In the description of the present embodiment, for convenience, the sealing plate 16 is the upper surface of the battery 10, and the bottom surface of the outer can 12 facing the sealing plate 16 is the lower surface of the battery 10. Further, the battery 10 has four side surfaces connecting the upper surface and the lower surface. Two of the four sides are a pair of long sides connected to two opposing long sides of the sealing plate 16. Each long side surface is the surface having the largest area among the surfaces of the battery 10, that is, the main surface. The remaining two sides, excluding the two long sides, are a pair of short sides connected to the short side of the sealing plate 16.

Further, for convenience, in the battery laminate 2, the surface on the upper surface side of the battery 10 is the upper surface of the battery laminate 2, the surface on the lower surface side of the battery 10 is the lower surface of the battery laminate 2, and the short side surfaces of each battery 10 are assembled. The surface is the long side surface of the battery laminate 2, and the surface on the long side surface side of the battery 10 is the short side surface of the battery laminate 2. The long side surface of the battery laminate 2 extends in the first direction X and the third direction Z, and the short side surface of the battery laminate 2 extends in the second direction Y and the third direction Z. These directions and positions are defined for convenience. Therefore, for example, the portion defined as the upper surface in the present disclosure does not mean that the portion defined as the lower surface is always located above the portion defined as the lower surface.

The plurality of batteries 10 are arranged at predetermined intervals so that the main surfaces of adjacent batteries 10 face each other. In this embodiment, the batteries 10 are arranged in the horizontal direction. In the following, the direction in which the batteries 10 are arranged is defined as the first direction X, the horizontal direction intersecting the first direction X is defined as the second direction Y, and the vertical direction intersecting the first direction X and the second direction Y is the third direction. Let it be Z. In this embodiment, the first direction X, the second direction Y, and the third direction Z are orthogonal to each other.
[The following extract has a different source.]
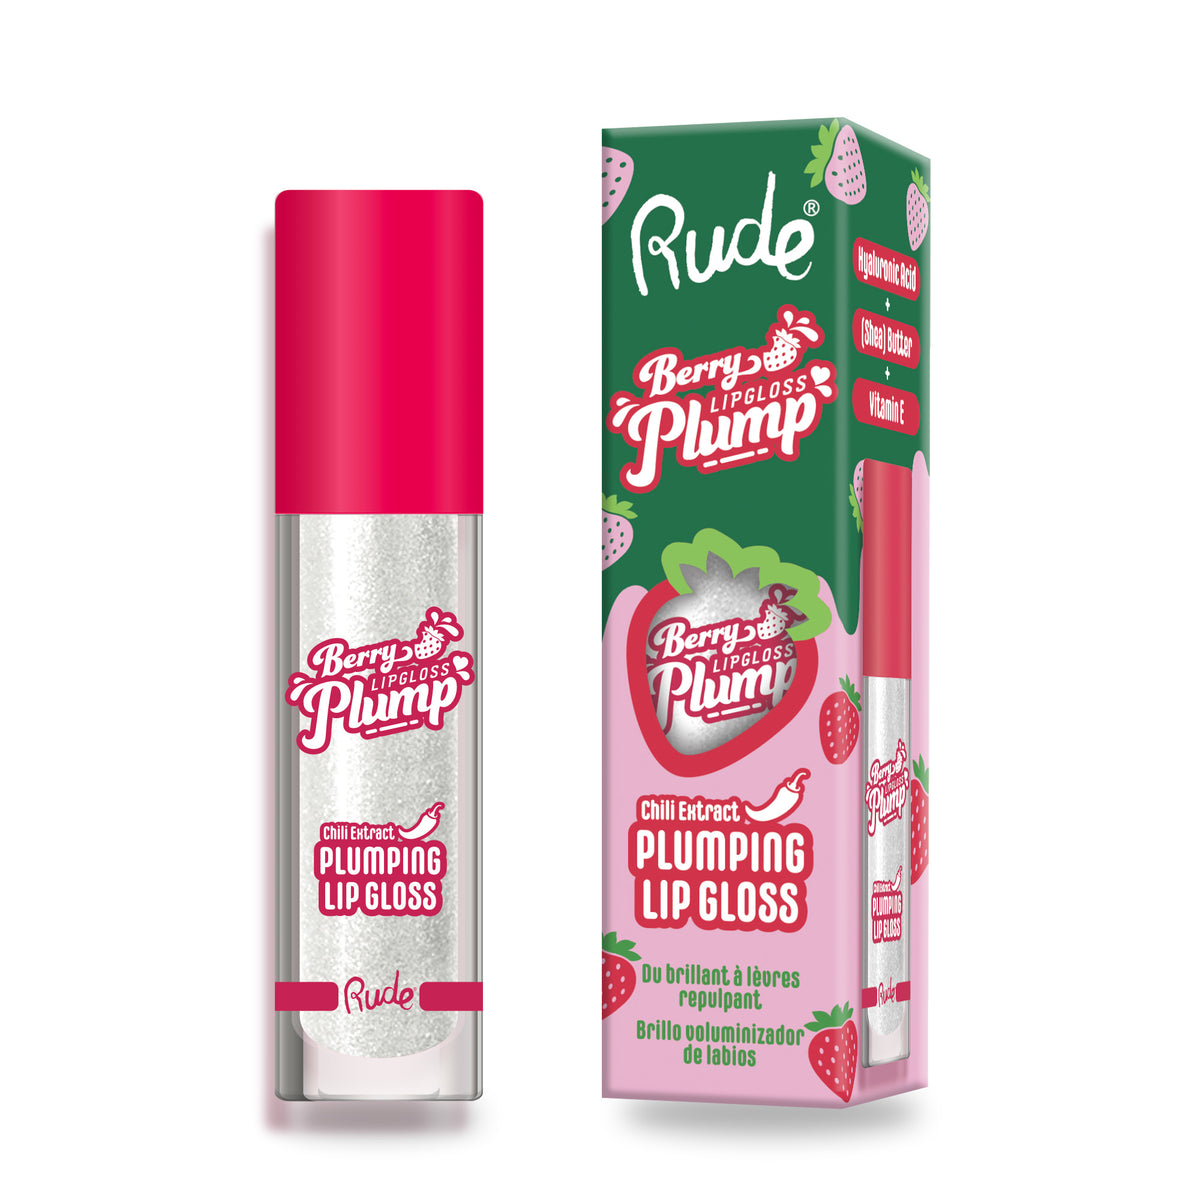 Berry Plump Plumping Lip Gloss Display Set, 64 pcs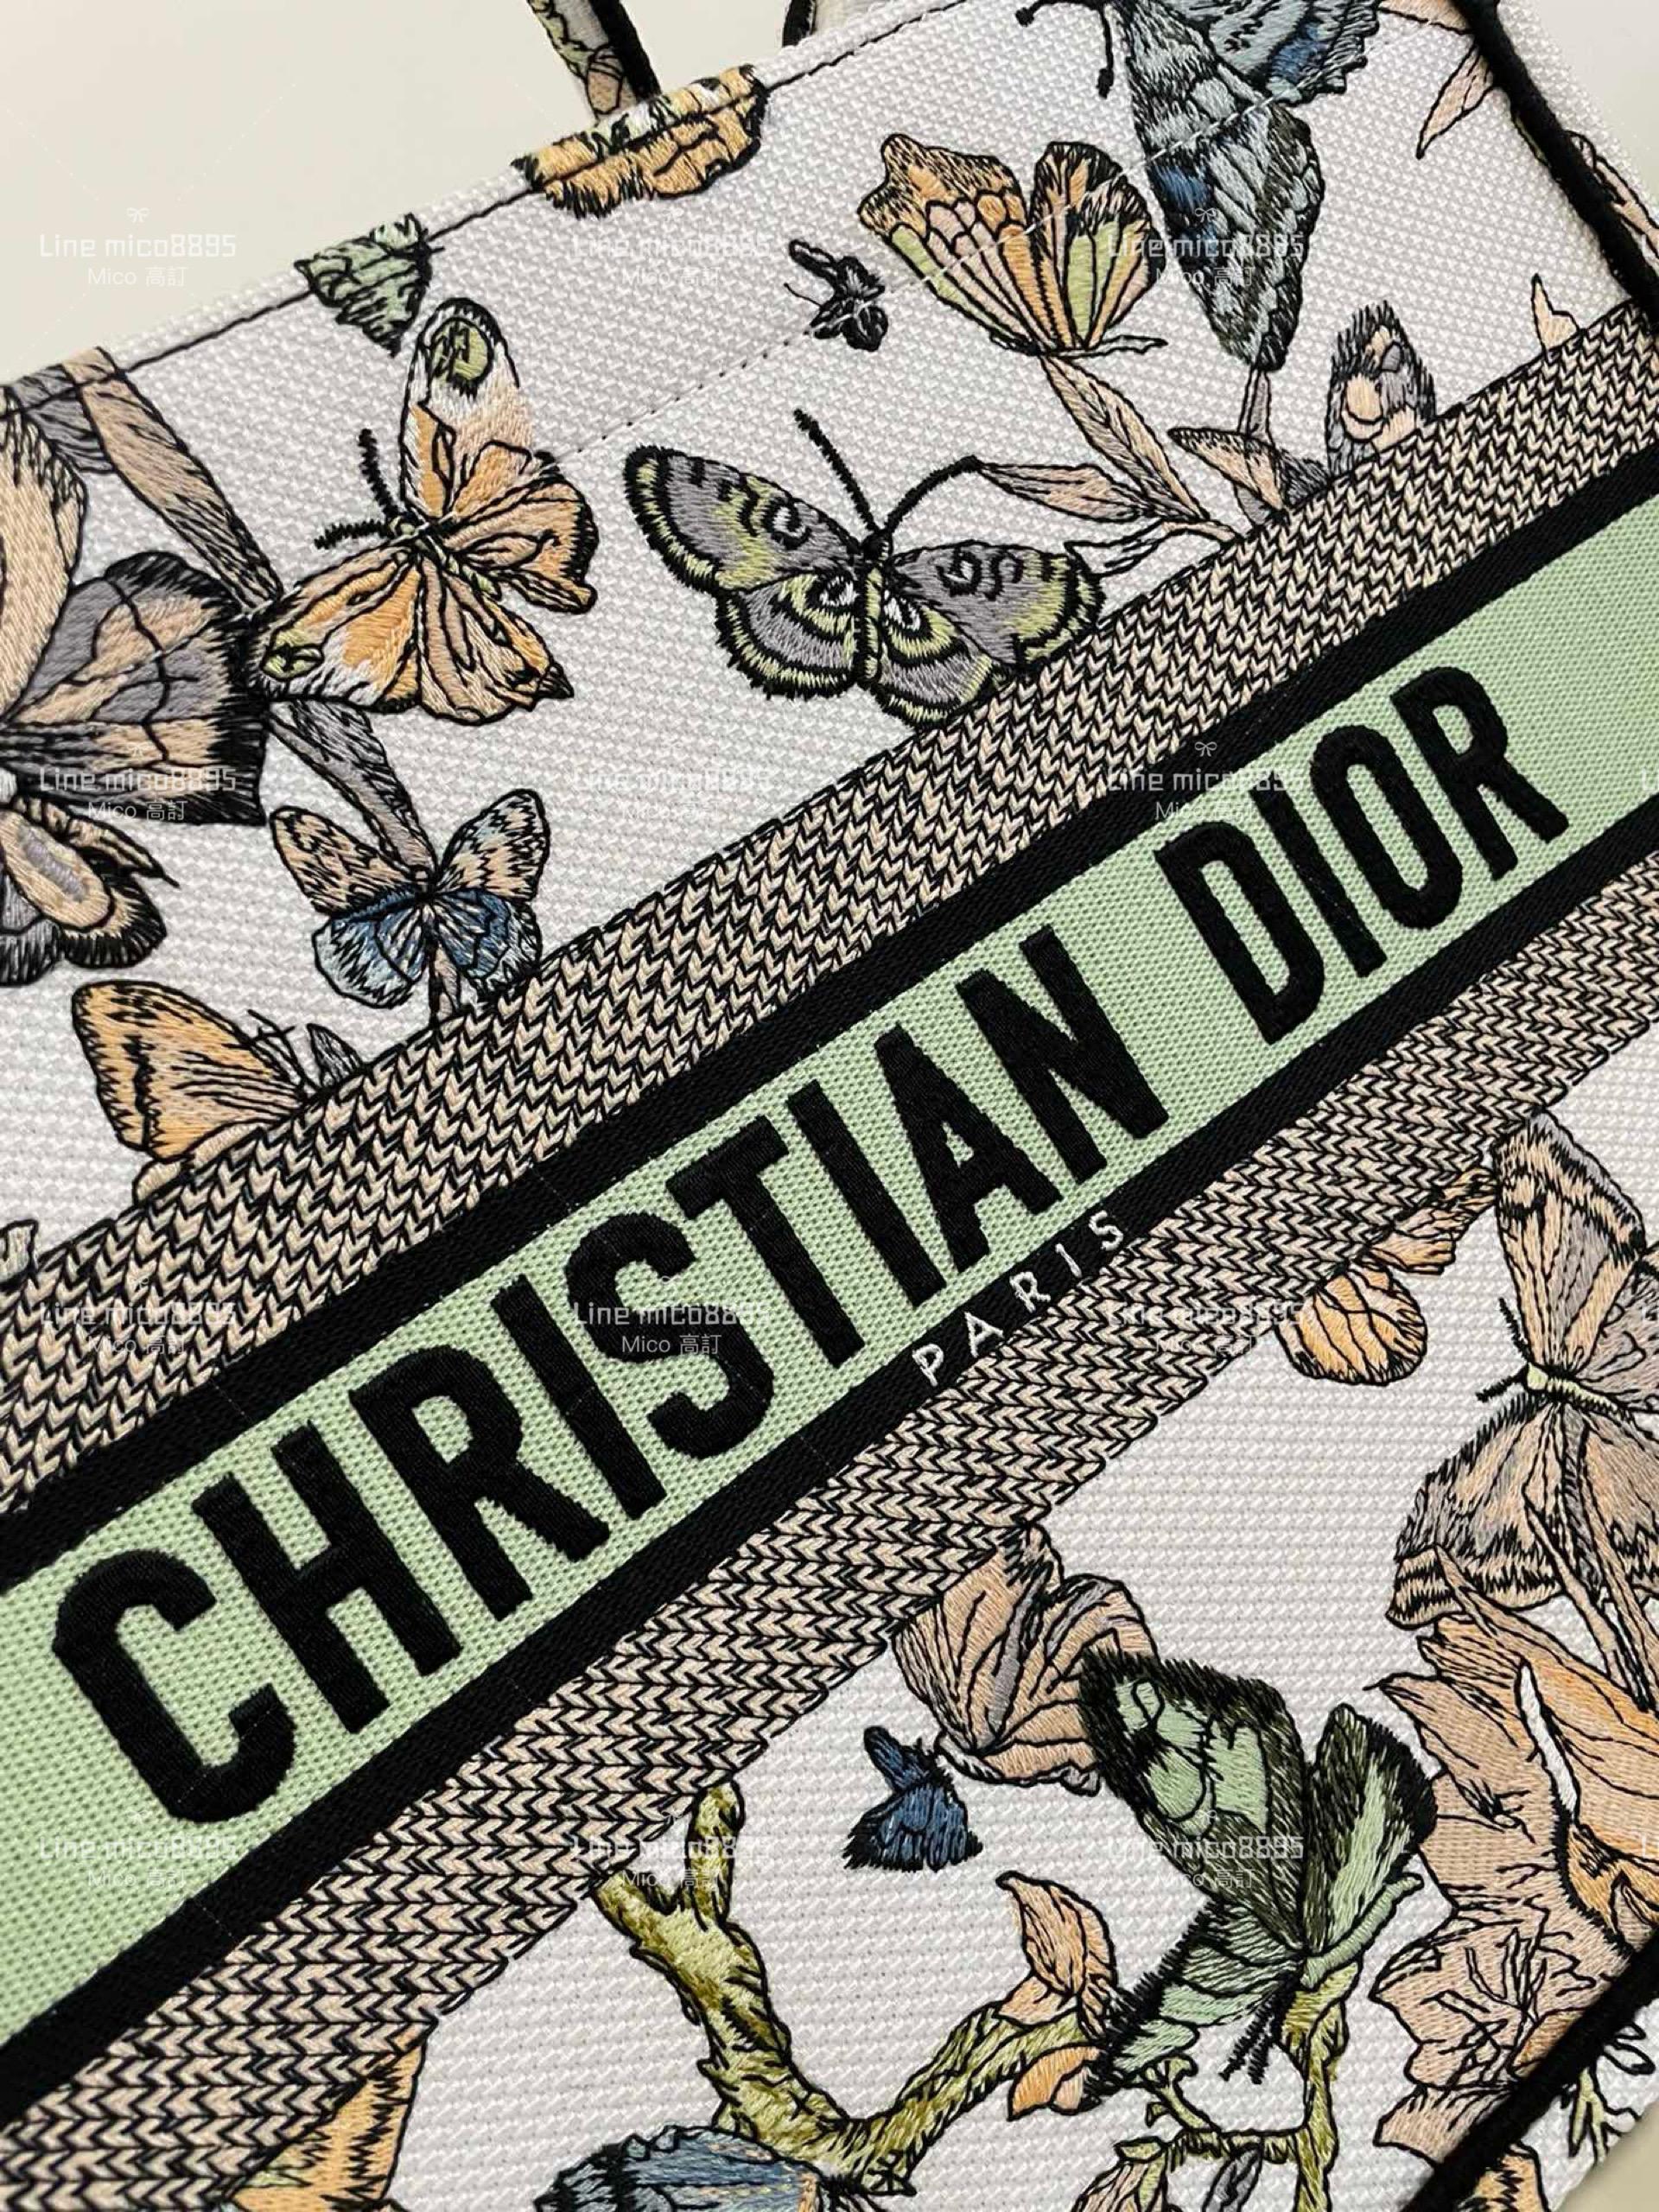 Dior 中號 綠色蝴蝶刺繡Tote手提包 最新秋冬系列 36cm

Each battery 10 is arranged so that the output terminals 18 face the same direction. Each battery 10 of the present embodiment is arranged so that the output terminal 18 faces upward in the vertical direction. Further, each battery 10 is arranged so that the positive electrode terminal 18a of one battery 10 and the negative electrode terminal 18b of the other battery 10 are adjacent to each other when the adjacent batteries 10 are connected in series. When adjacent batteries 10 are connected in parallel, the positive electrode terminals 18a of one battery 10 and the positive electrode terminals 18a of the other battery 10 are arranged so as to be adjacent to each other.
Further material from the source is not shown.